Docs @ Work¶

Warning

Write

minimum correct document

at the earliest useful time

for the widest necessary audience.

When, Why, Who, What?¶

A. Before Building - Alignment & Planning¶

[verb:own] Design Docs: clarify problem, goals, trade-offs, proposed solution.
[verb:review] PRDs: product-side framing of why/what to build.
[verb:co-own] RFCs: socialize big or cross-team changes, gather feedback.

B. During Development - Execution & Interfaces¶

[verb:own] Tech Specs / API Docs: define contracts, data schemas, interfaces.
[verb:co-own] Meeting/Decision Notes: record ongoing decisions, unblockers, next steps.

C. After Experimentation - Evaluation & Iteration¶

[verb:own] Experiment Docs: capture hypotheses, metrics, results, learnings.

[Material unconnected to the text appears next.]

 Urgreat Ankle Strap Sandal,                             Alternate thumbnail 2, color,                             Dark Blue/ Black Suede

D. In Production - Operations & Maintenance¶

[verb:co-own] Runbooks / Playbooks: step-by-step guides for incidents & debugging.
[verb:own] Onboarding/Knowledge Docs: long-term references to ramp up engineers and avoid institutional memory loss.

How?¶

1. Design Docs (System/ML/Experiment)¶

Important

Write when the problem or trade-offs are unclear.
Capture decisions and rejected alternatives explicitly.

Best Practice: Keep decision rationale explicit; diagrams > text walls.
Structure: Title: [System/Model Name] Design Doc
- Context / Background
- Problem Statement
- Goals & Non-Goals
- Proposed Solution (with diagram)
- Alternatives Considered
- Rollout Plan / Monitoring
- Risks & Open Questions

2. PRDs (Product Requirement Docs)¶

Important

Problem and success metrics must be measurable.
If metrics are vague, stop and fix before execution.

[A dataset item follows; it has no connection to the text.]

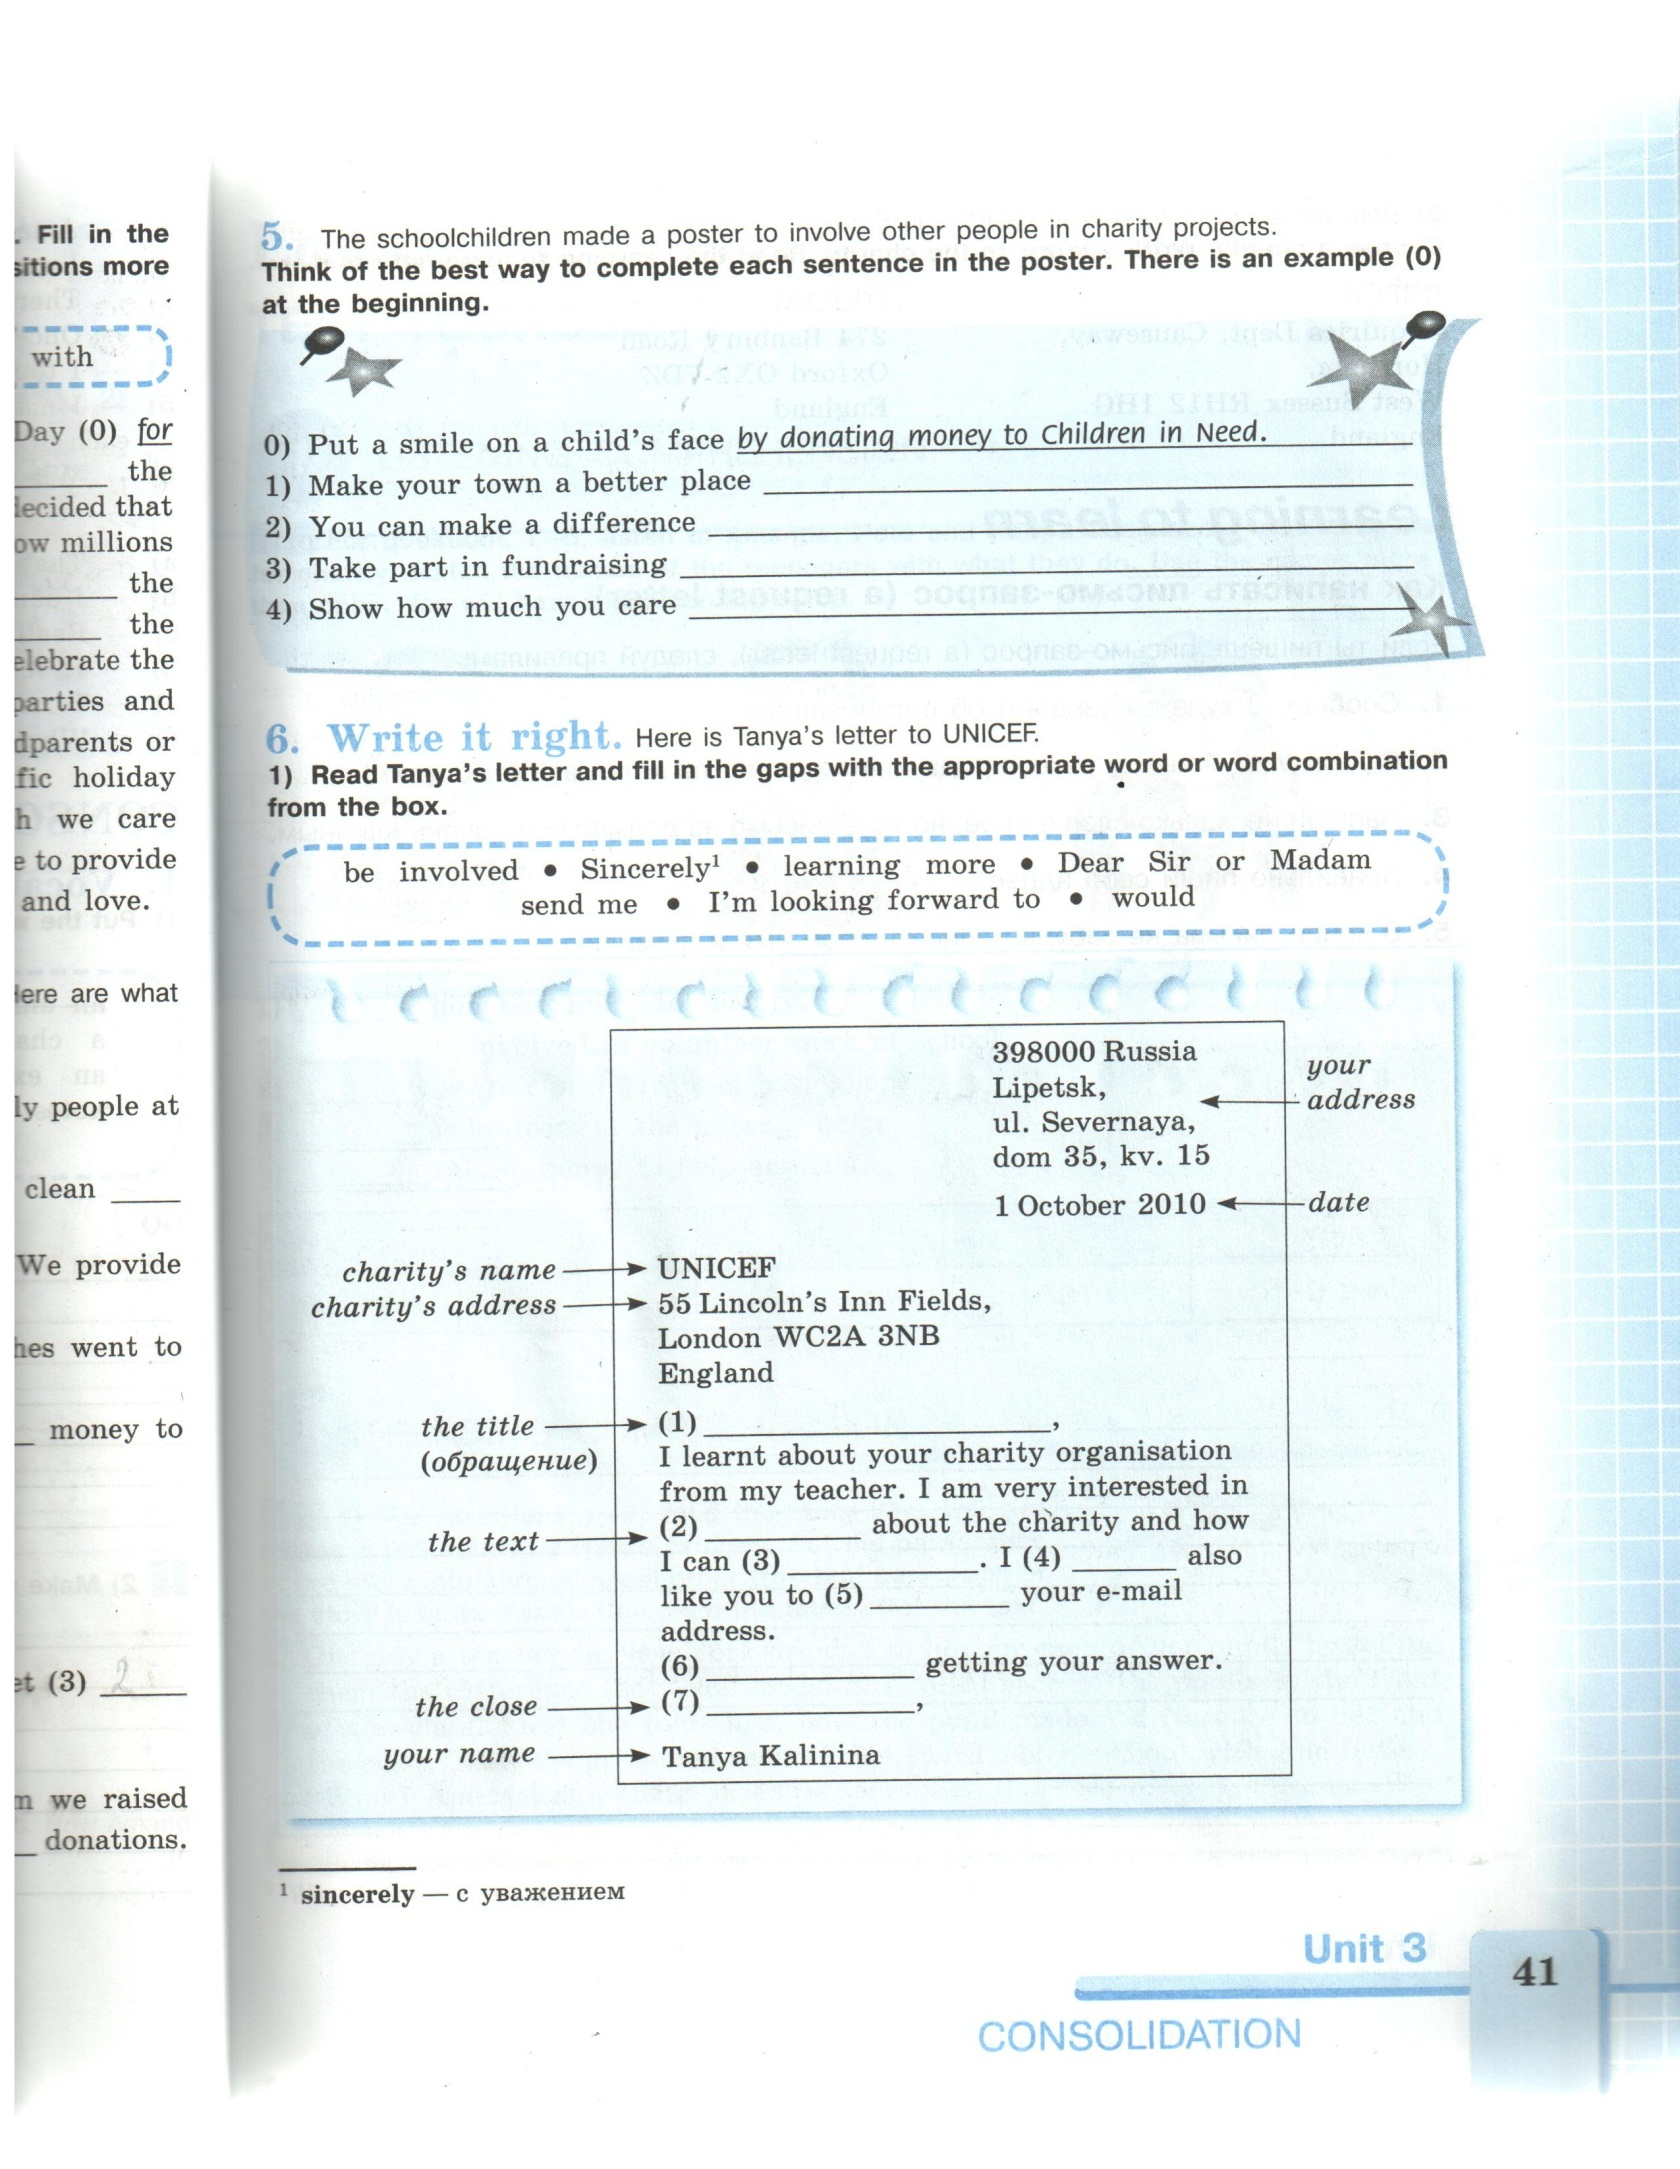 C:\Users\Грузиновская СОШ\Documents\Scanned Documents\Рисунок (1956).jpg

Best Practice: Clarify “why now” and measurable success upfront. Bother only if you partner with PMs.
Structure: Title: [Feature/Project Name] PRD
- Context / Motivation
- Problem / User Need
- Target Users & Use Cases
- Requirements (Must / Nice to Have)
- Success Metrics / KPIs
- Out of Scope
- Timeline & Dependencies

3. RFCs (Request for Comments)¶

Important

Use when cross-team impact or approval is required.
Publish early, before commitment or implementation.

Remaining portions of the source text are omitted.